*** Opening of Data section ***
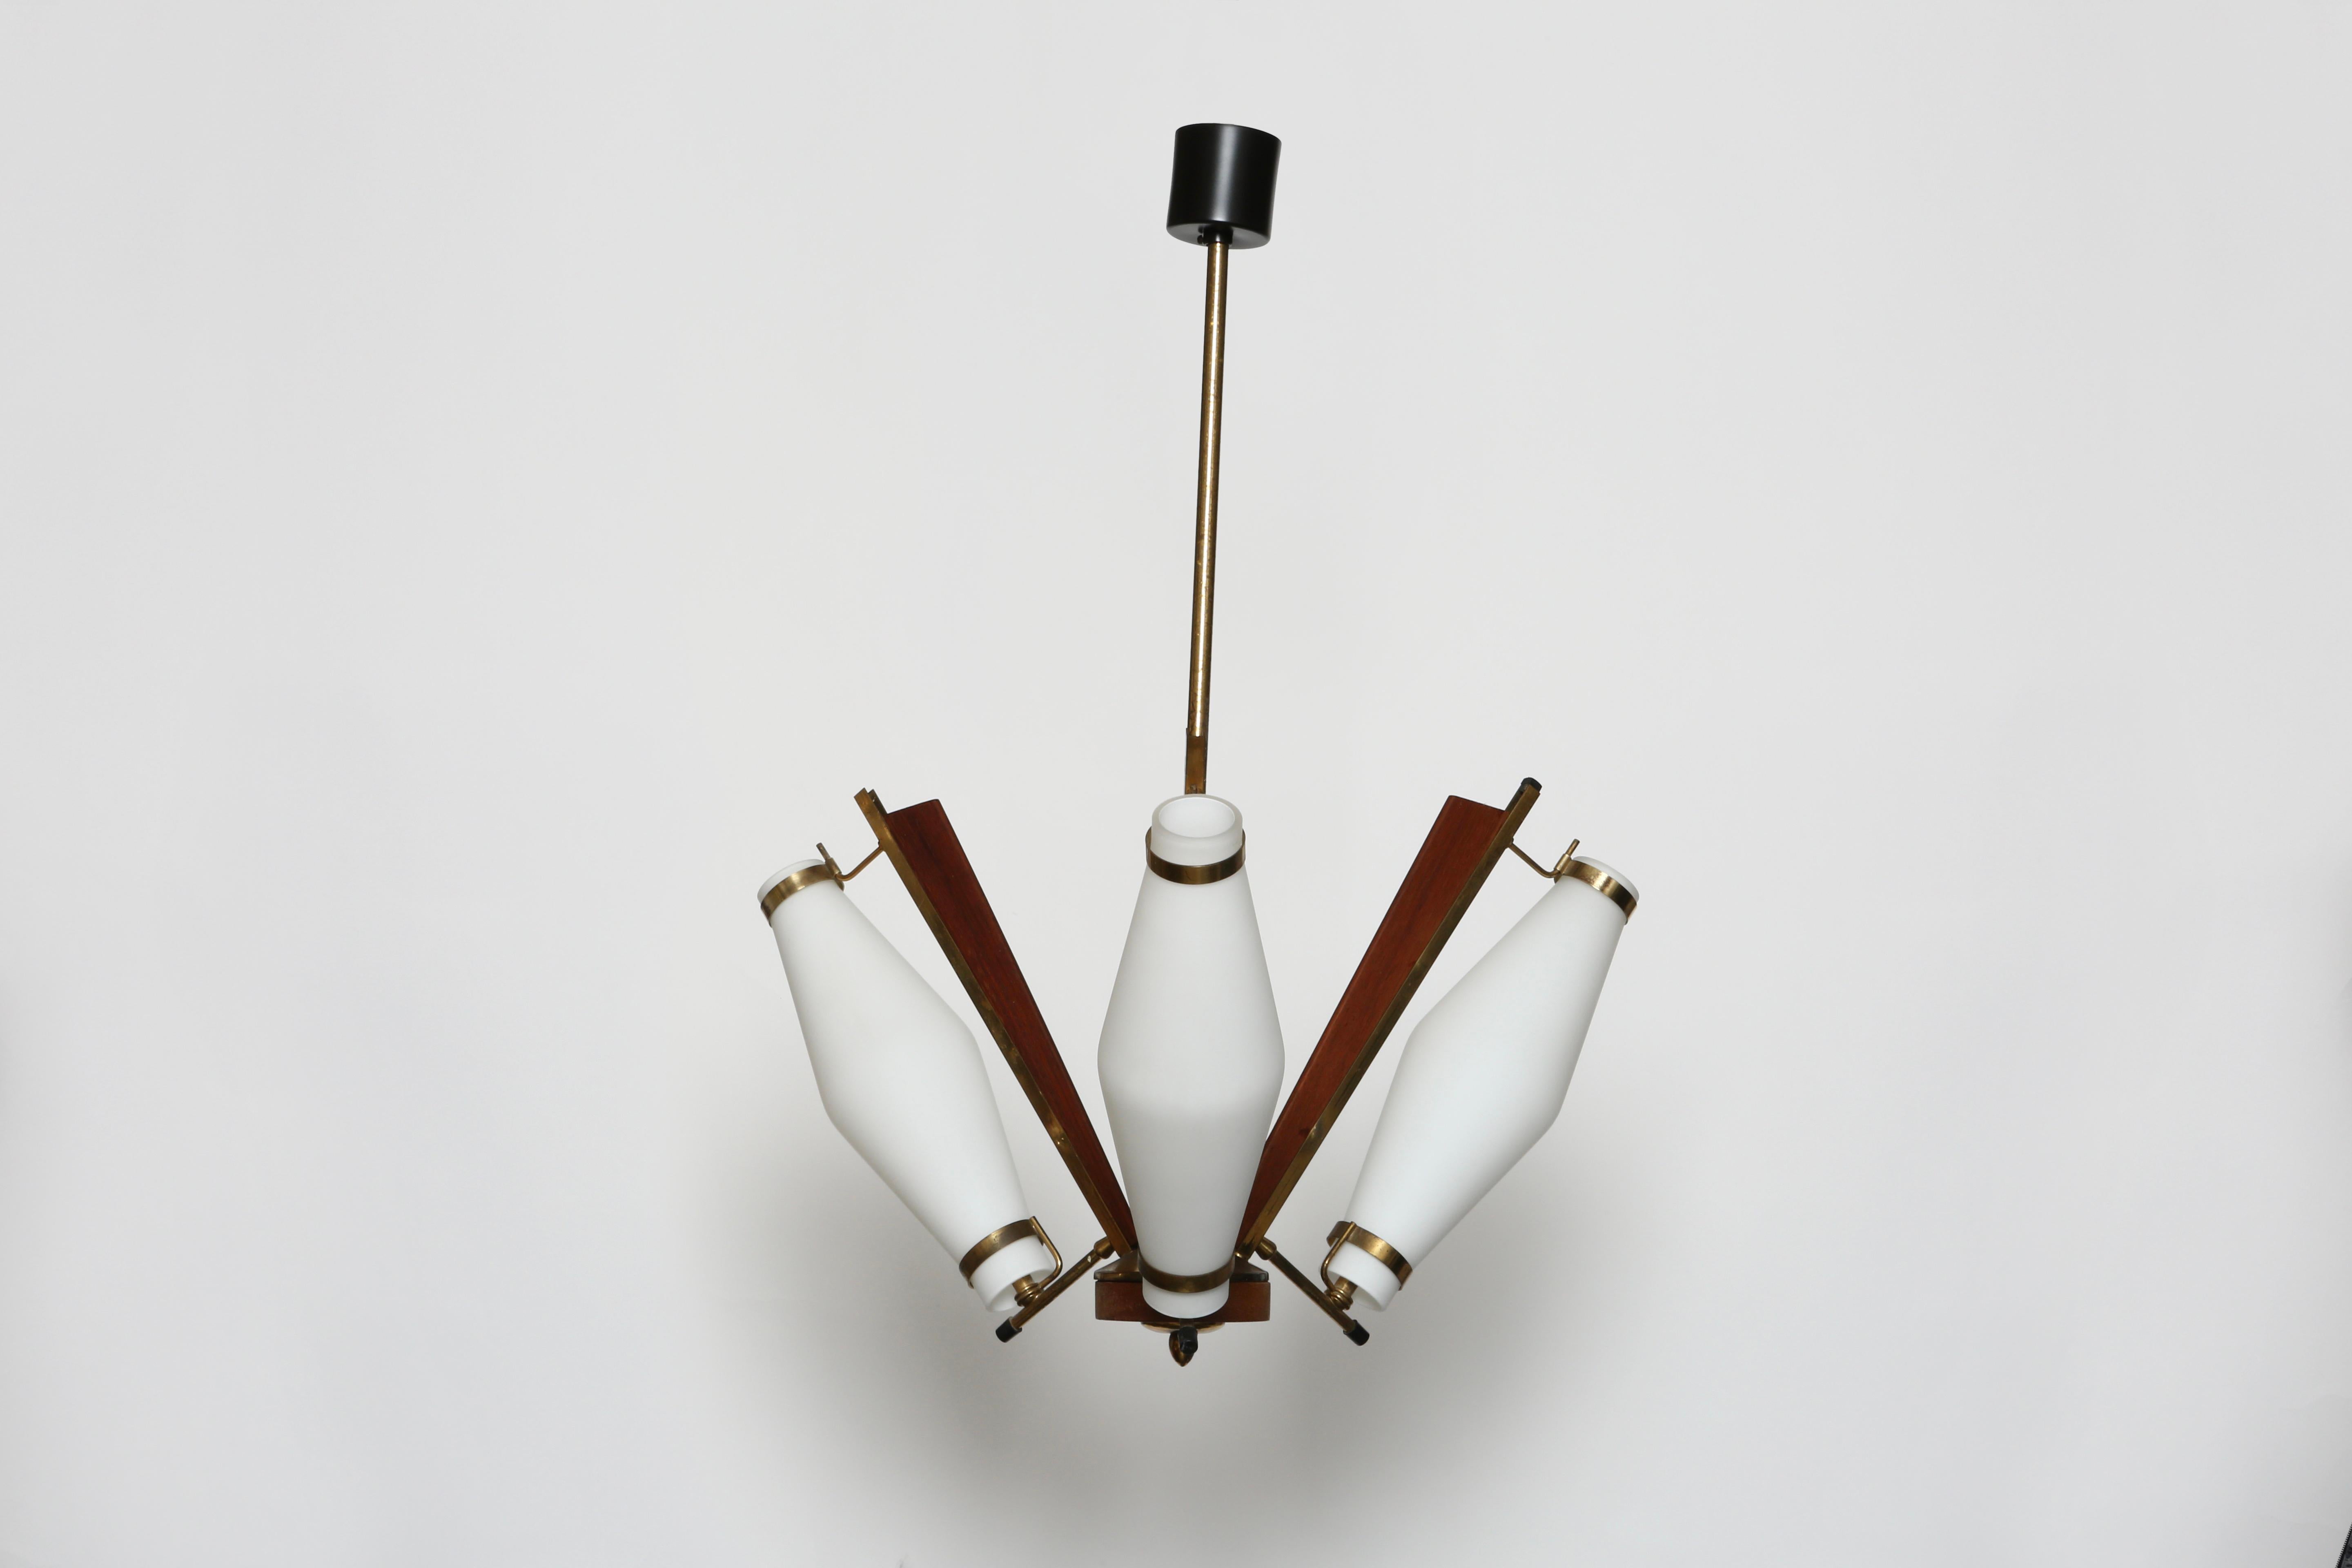 Stilnovo style ceiling pendant.
White matte opaline glass, wood and brass frame.
Made in Italy in 1960s.
Complimentary US rewiring with a custom ceiling plate upon request.
Takes 3 candelabra sockets.
Overall drop ( height) is adjustable, can
*** Close of Data section ***
**Instructions for the task:**
Starting at the line that contains "Takes 3 candelabra sockets." and ending at the last line of the data, repeat each line exactly; include nothing else.

**Solution to the exercise:**
Takes 3 candelabra sockets.
Overall drop ( height) is adjustable, can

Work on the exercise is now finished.